[Items listed in a dataset]

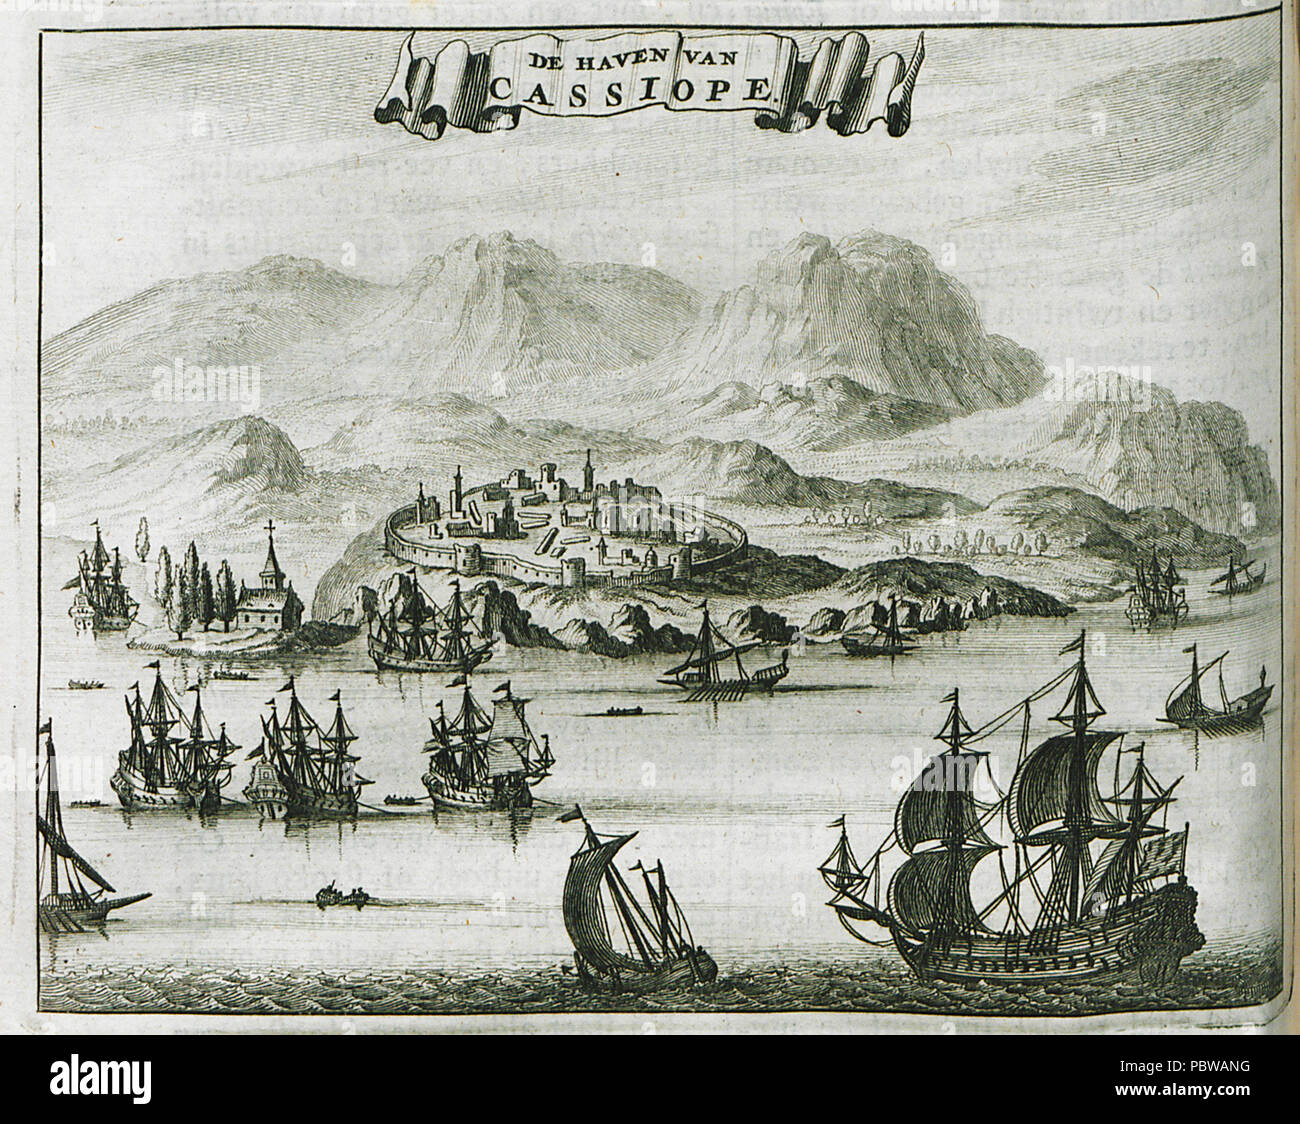 155 De Haven van Cassiope - Dapper Olfert - 1688 Stock Photo
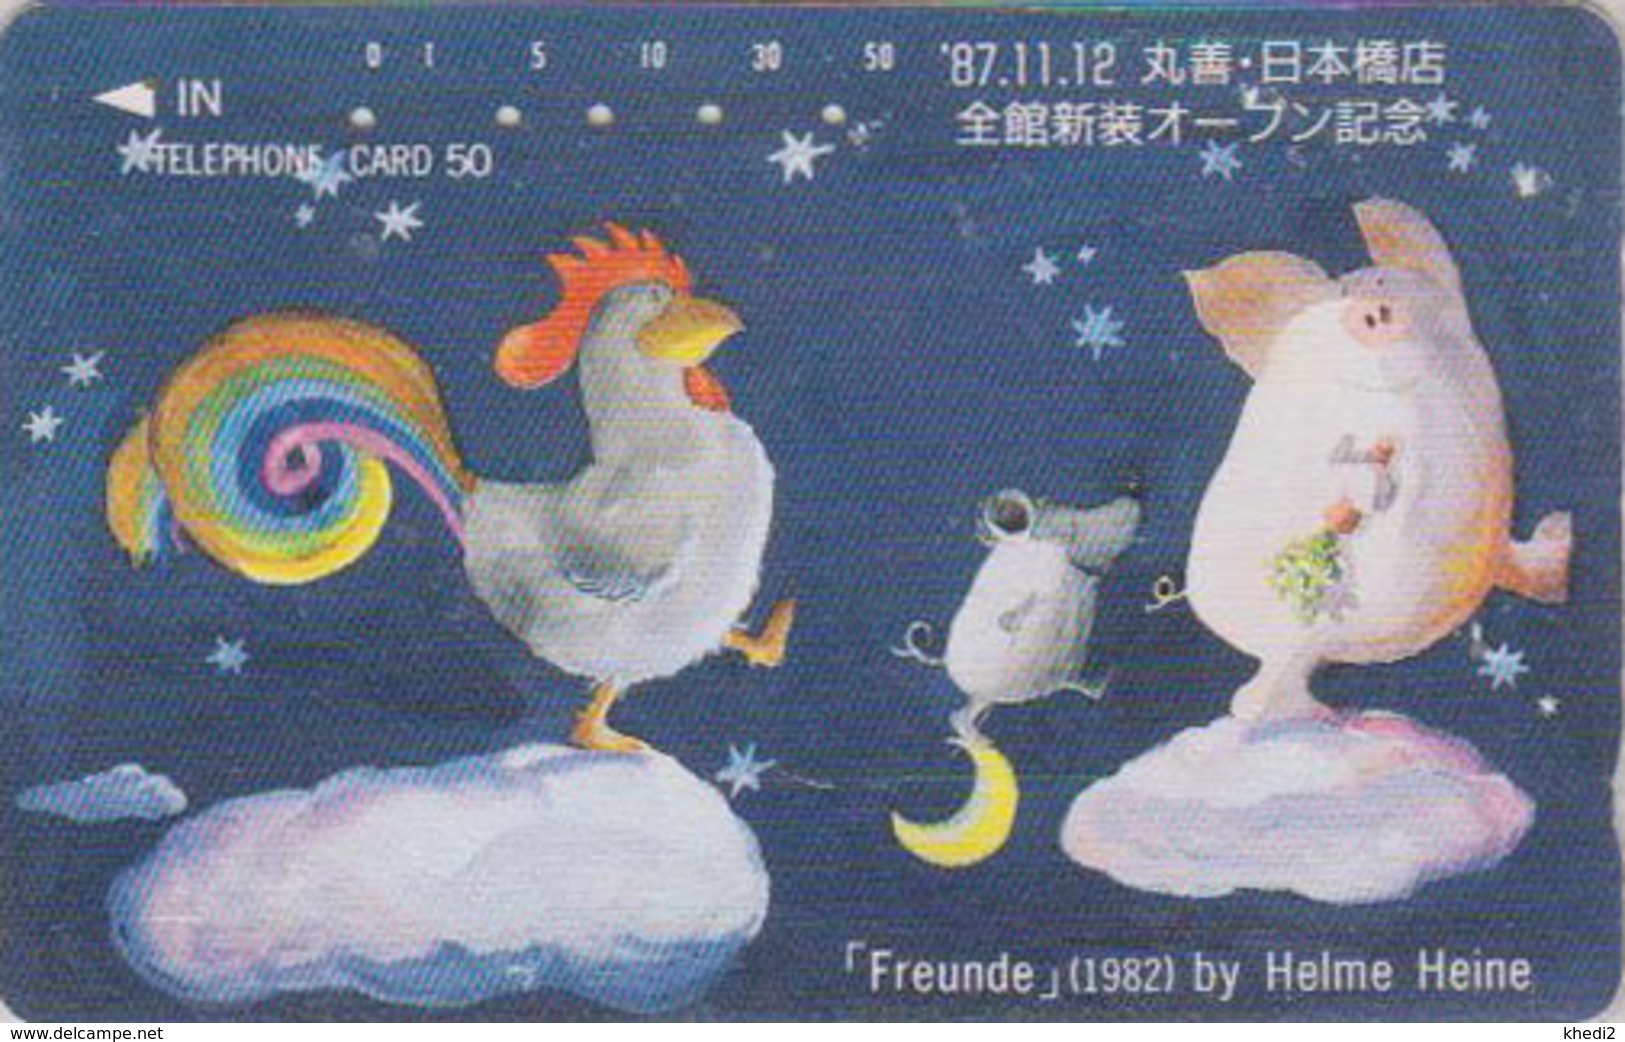 Télécarte Japon / 110-36302 - Comics By HELMUT HEINE - COQ COCHON RAT - Rooster Pig Japan Phonecard 2 GERMANY - Comics
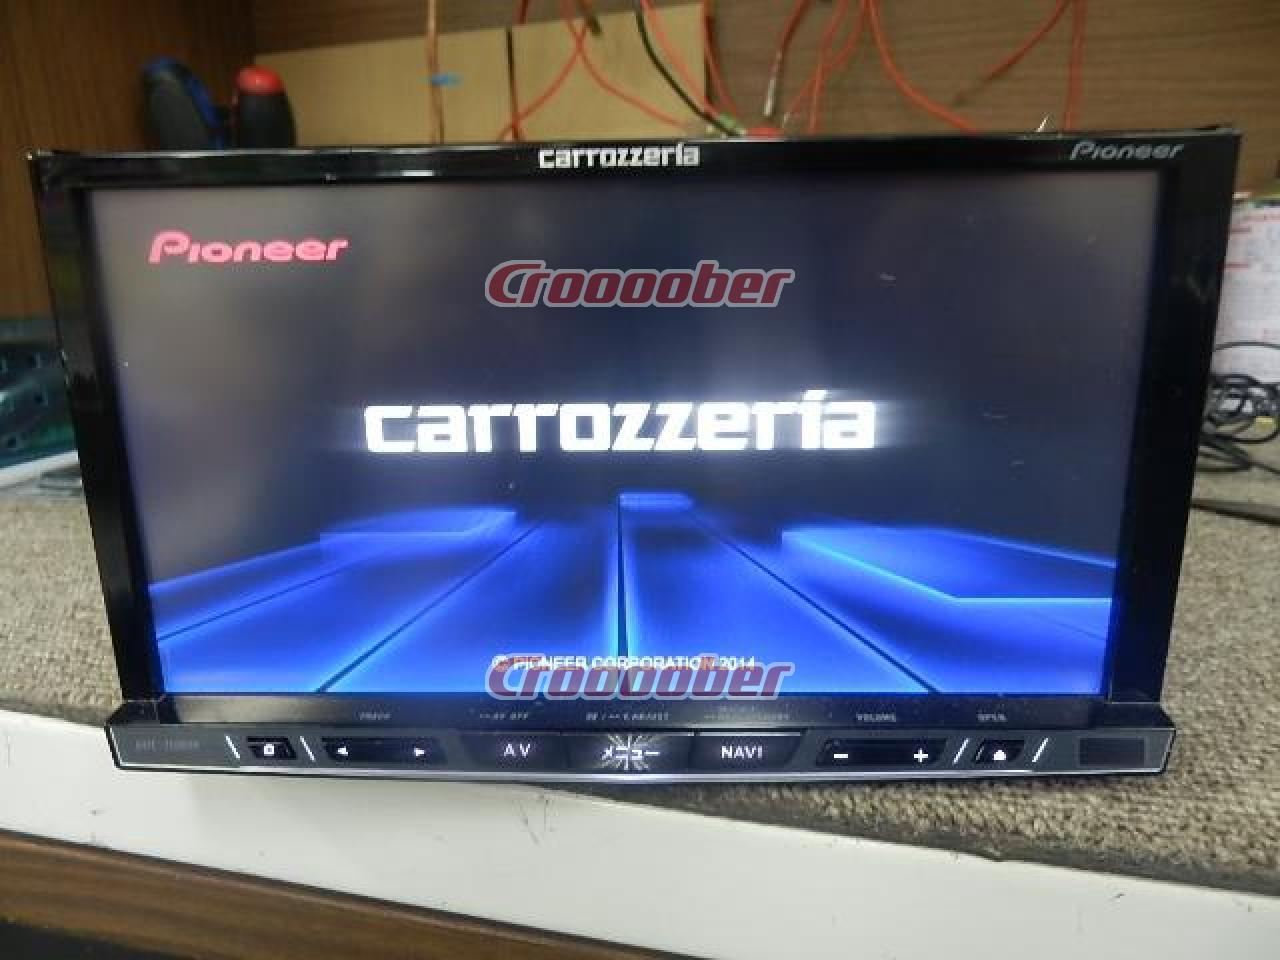 Carrozzeria AVIC-ZH0099 7 V-type Wide VGA Terrestrial Digital TV
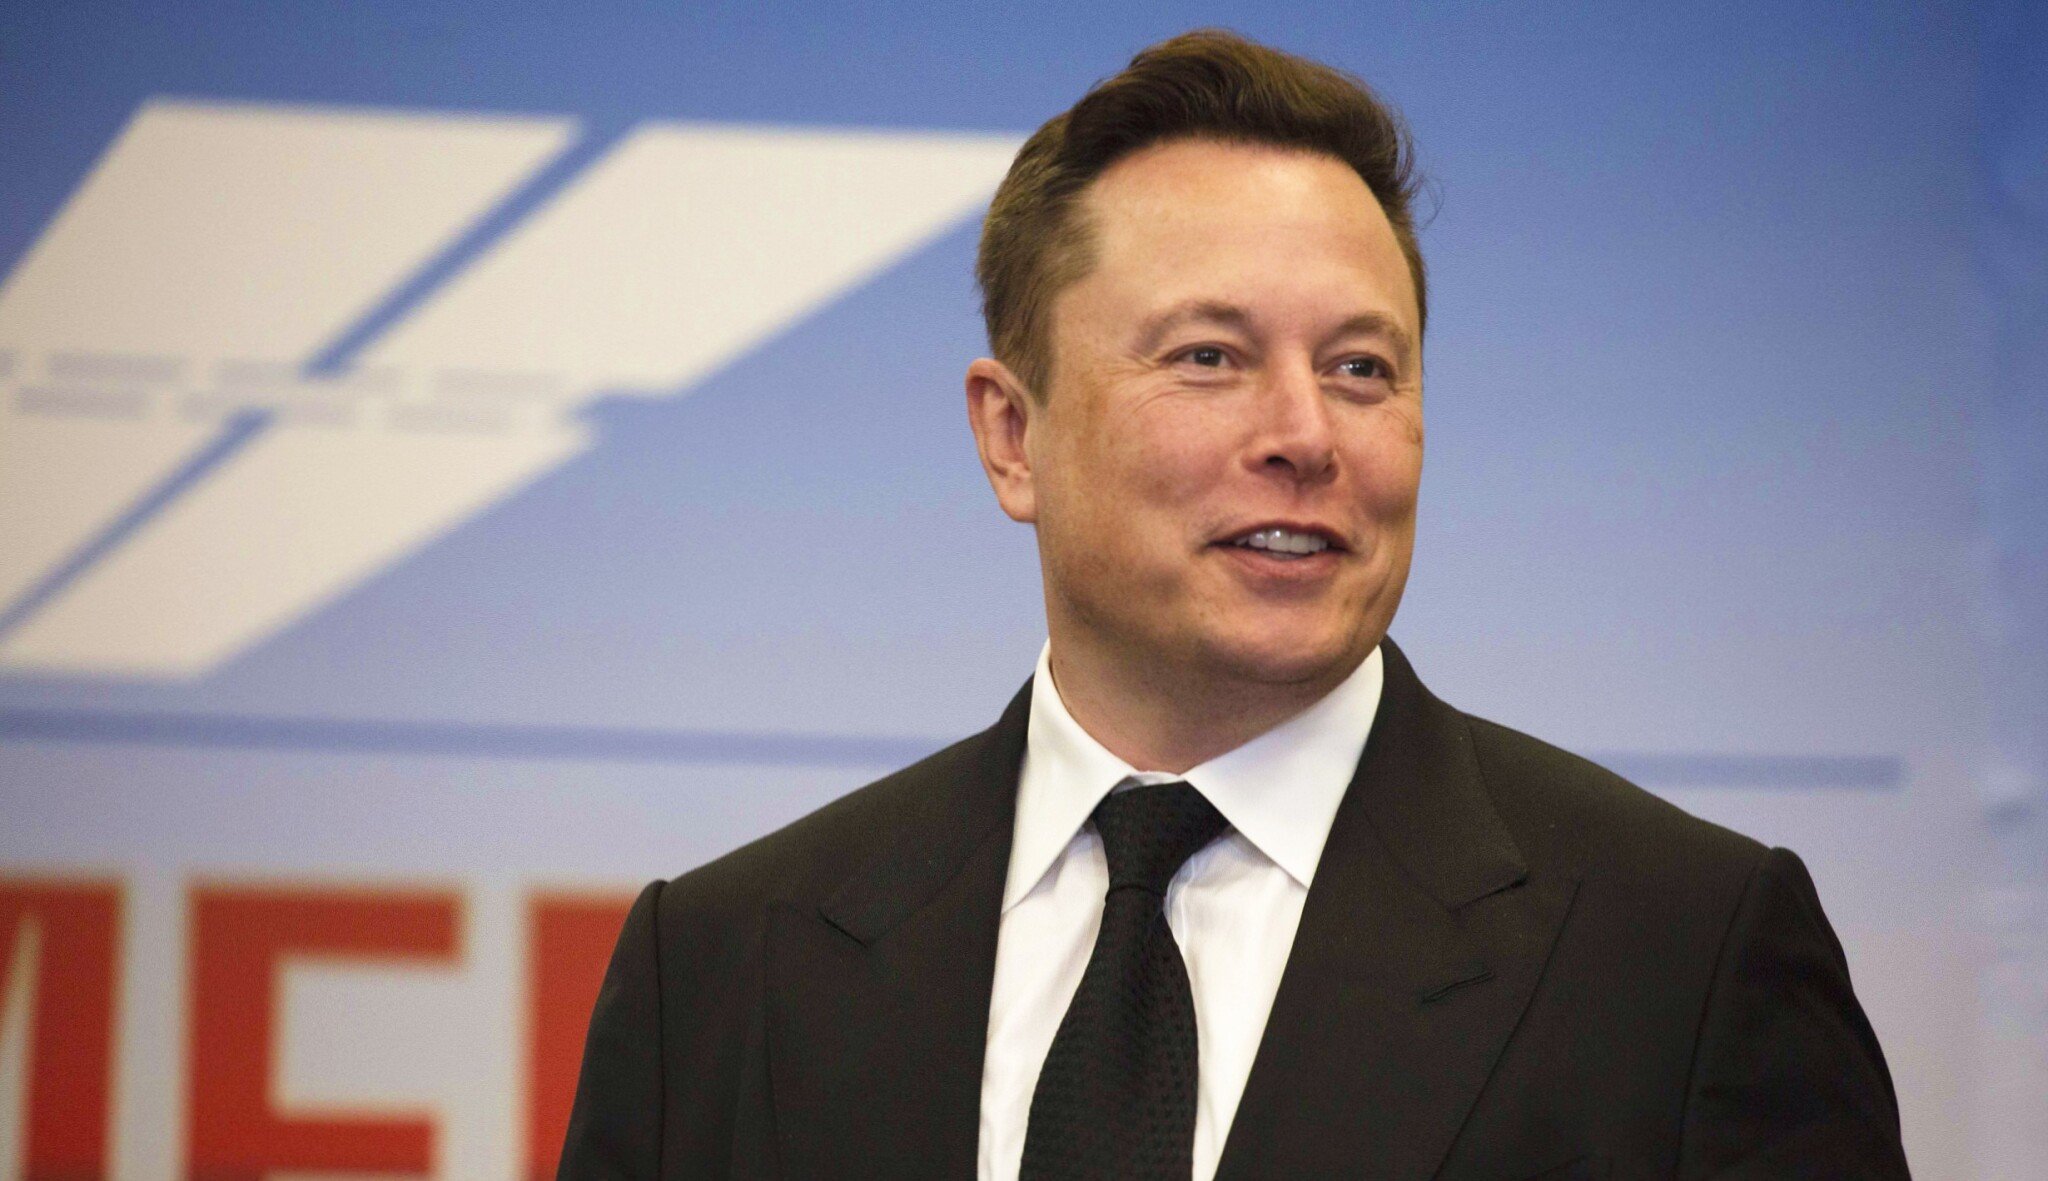 Elon Musk prodal akcie Tesly v hodnotě pěti miliard dolarů
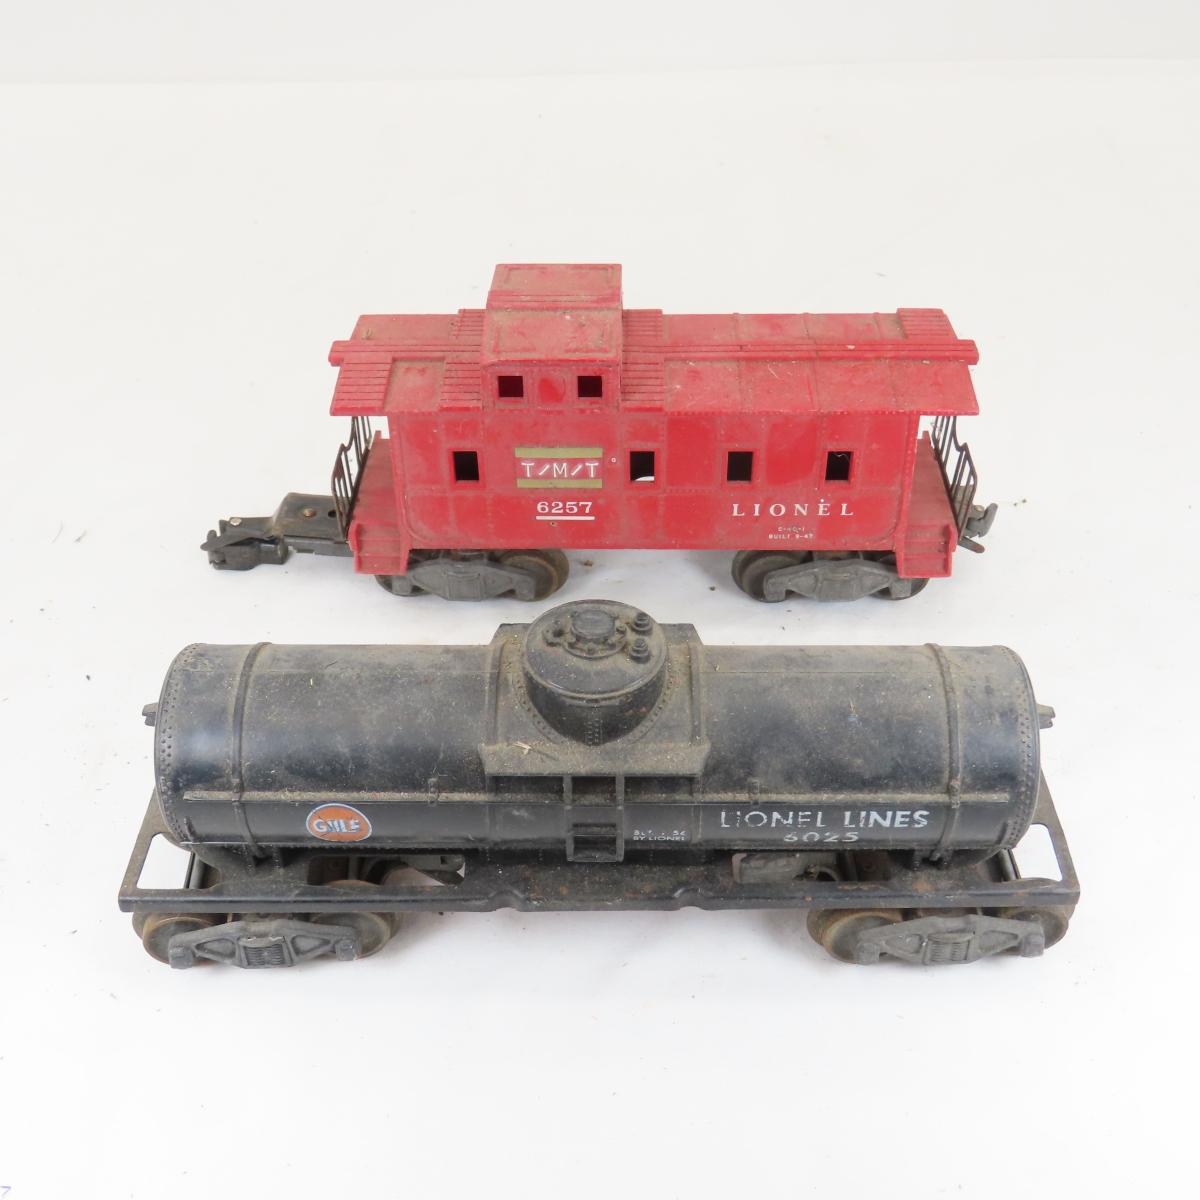 Vintage Lionel O27 Locomotive, Cars, Track & More
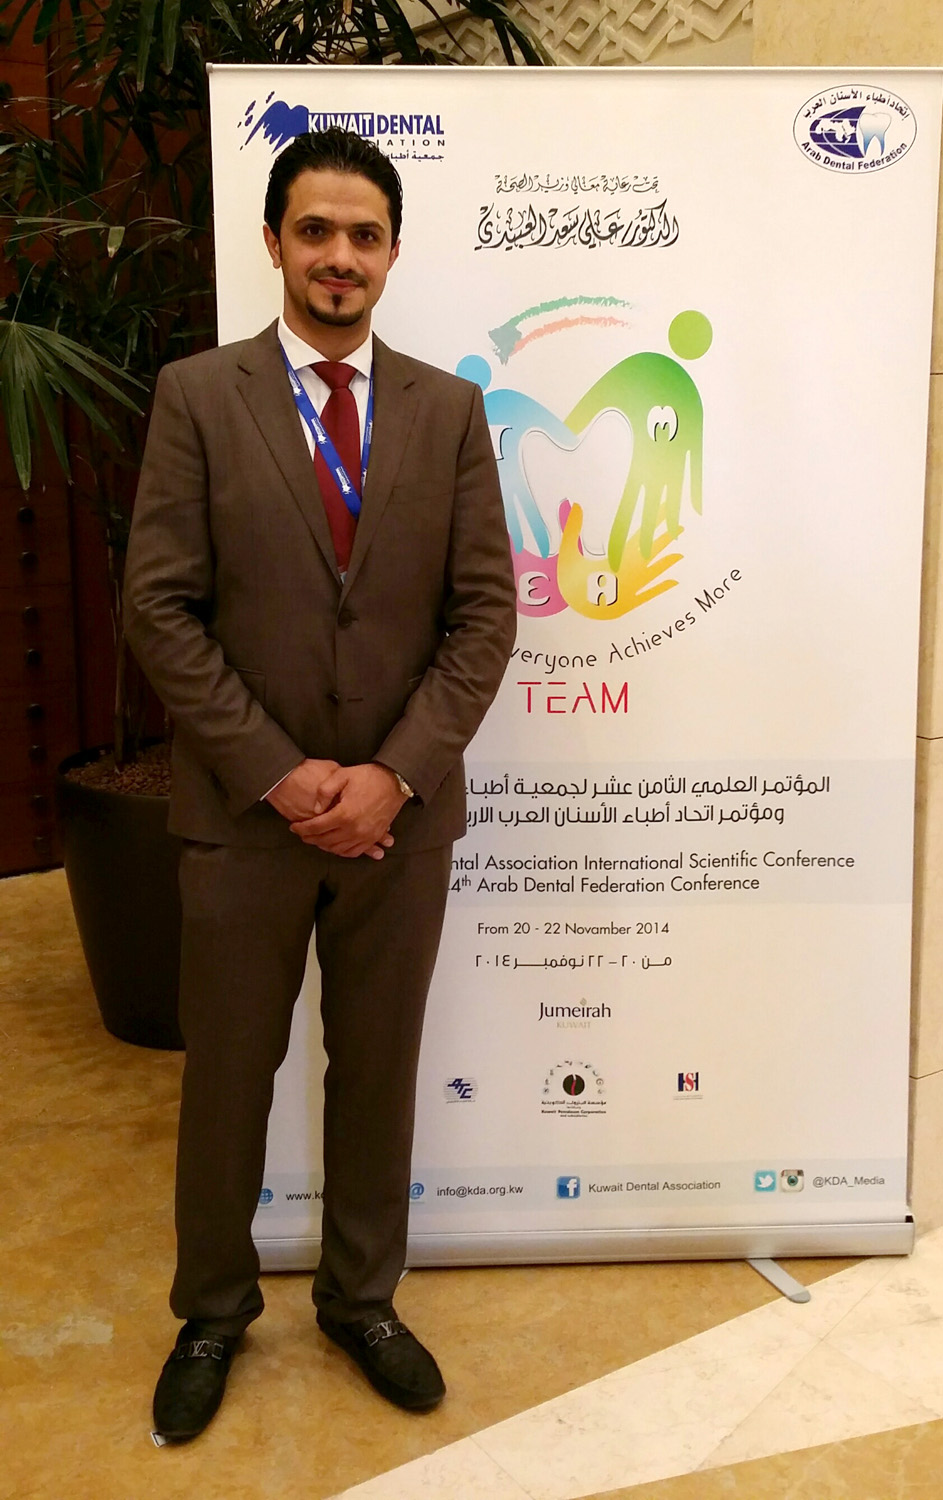 رئيس اللجنة العلمية للمؤتمر وامين صندوق جمعية اطباء الاسنان الكويتية الدكتور محمد دشتي

Task brief:
The entries above need to be repeated in full, word for word. Skip the images.

Problem solution:
 155 De Haven van Cassiope - Dapper Olfert - 1688 Stock Photo
 Télécarte Japon / 110-36302 - Comics By HELMUT HEINE - COQ COCHON RAT - Rooster Pig Japan Phonecard 2 GERMANY - Comics
 Carrozzeria AVIC-ZH0099 7 V-type Wide VGA Terrestrial Digital TV
 Elon Musk prodal akcie Tesly v hodnotě pěti miliard dolarů
 Vintage Lionel O27 Locomotive, Cars, Track & More
 رئيس اللجنة العلمية للمؤتمر وامين صندوق جمعية اطباء الاسنان الكويتية الدكتور محمد دشتي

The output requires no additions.